Officials have focused on ending the real estate crisis sparked in fall 2021 when major developers defaulted on bonds, which we detailed in “China’s Real Estate Market Teeters on Evergrande’s Debt” (21 Sep 2021), “China’s Real Estate Crisis Grows” (9 Nov 2021) and “Evergrande in Default, Fitch Says” (14 Dec 2021), among other articles.

At its peak, the apartment-building frenzy—pushed by Beijing—accounted for as much as 30 percent of GDP.

China’s government has authorized a nationwide property tax to help local agencies pay off their debts and rescue the real estate industry; in the past, local governments have relied for income on selling land.

“Property tax is the most suitable to be a local tax,” ex-finance minister Lou Jiwei wrote in a March essay for a domestic policy journal. “The trial should be conducted as soon as possible after economic growth normalizes.” 
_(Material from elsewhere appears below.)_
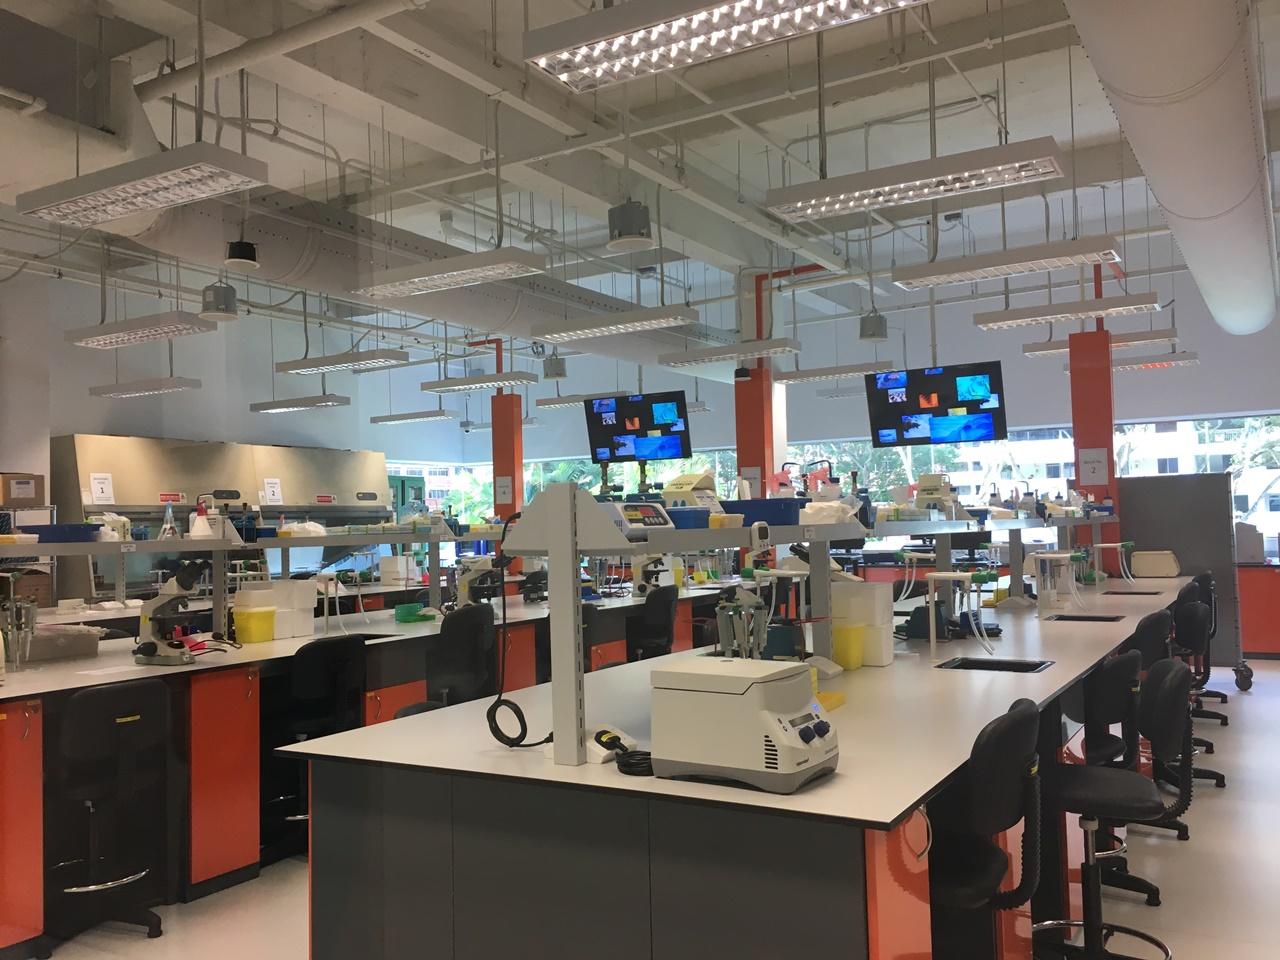 Du học Singapore ngành công nghệ tại Học viện PSB

Beijing also can sell assets and use the revenue to pay down debt, Li Yang, chair of the National Institution for Finance and Development, said at a March meeting of the China Development Forum. 

“The share of government assets in the economy is rising,” he said. “We will be able to solve the debt problem if we can do some work in swapping the assets for debt.”

TREND FORECAST: China’s debt load will limit the amount governments at all levels, as well as state- and privately-owned businesses, from overly spending on economic expansion.

That impediment, coupled with the slowdown in export orders from the rest of the world, will limit China’s economic growth levels this year.

More broadly, China is being forced to rethink its policy of central planning that forces local governments to take on debt.
This will force Beijing to begin to decentralize some functions, a process that will likely take decades but will gather momentum after the country gains some experience in diversifying its power structure. And while there will be modest growth in the near future, as we forecast, China will be the dominant economic and geopolitical force of the 21st century.